When you purchased your home, you had the opportunity to buy an owner’s policy of title insurance. Generally, an owner’s policy insures against matters that appear in the County recorder’s office, i.e. the public records, like a prior mortgage or judgment, or an easement or restrictive covenant that is not disclosed on Schedule B of your title policy.

The policy also contains a covered risk for loss or damage incurred by reason of “unmarketable title". But, could this actually apply to possible ghostly activity or supernatural phenomenon?

A Good Old Fashioned Haunting

Believe it or not, a few Courts have investigated this issue for us! One of the most famous examples happened in our home state of New York, with a legendary ruling of “As a Matter of Law, This House is Haunted.”[1] In this case, the Appellate Division of the Supreme Court ruled that a homebuyer could try to get out of a $650,000 purchase, due to the sellers not disclosing that the home was haunted with poltergeists. The Court allowed the buyer to pursue cancellation of the contract, because a “haunting” could possibly impact the home’s value.

However, the same Court later decided that even the most meticulous review of the public records would not reveal the presence of a poltergeist.[2] Meaning, the haunted condition of the house did not constitute a defect in title.

“The Watcher”

More recently, the Superior Court of New Jersey, Union County, dismissed a lawsuit filed against a title insurance underwriter for unmarketability of title due to an anonymous “Watcher” of the house.[3]

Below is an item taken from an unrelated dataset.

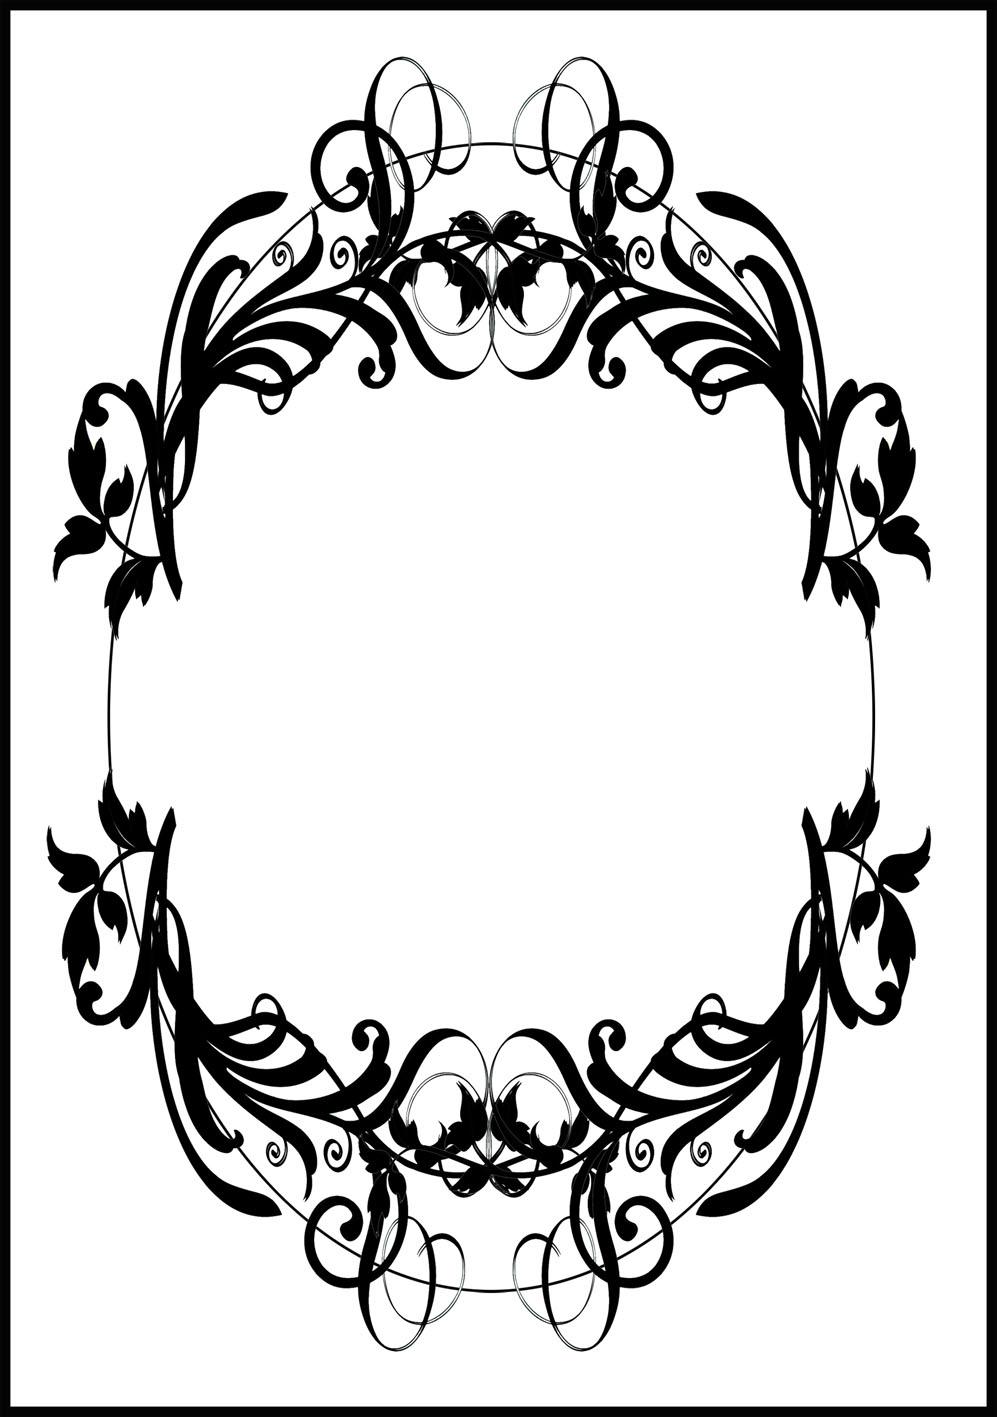 a chess board border made into a frame border

In this case, a New Jersey couple started receiving anonymous letters from someone who called themselves “The Watcher” three days after moving into their $1.35 million dream home. A string of eerie messages arrived at the home, saying things like “My grandfather watched the house in the 1920s and my father watched in the 1960s. It is now my time.” and "Have they found what is in the walls yet? In time they will. I am pleased to know your names and the names now of the young blood you have brought to me."

The buyers were freaked out and eventually filed suit alleging that the previous owners received a similar letter just days before the closing, failed to disclose it, and that “The Watcher” had a negative effect on the property value. After years in civil court, the case was dismissed. But, the story lives on in urban legend history, and Netflix recently won a heated auction for film rights to this dream house nightmare tale.

Title Marketability is Different from Saleability

In both cases, there is a distinct confusion between title marketability and saleability. As explained by the American Law Reports, and further backed up by Courts in numerous jurisdictions, “unmarketable title” as used in a title insurance policy is different from our standard definition of marketability i.e. saleability.

In the title insurance context, a lack of economic marketability is not the same as title marketability, which is concerned with problems that affect legal rights of ownership. For example, an individual can hold “perfect title” or undisputed ownership on land that is worth zero dollars. In other words, a person can have marketable title to land that is unmarketable or worthless.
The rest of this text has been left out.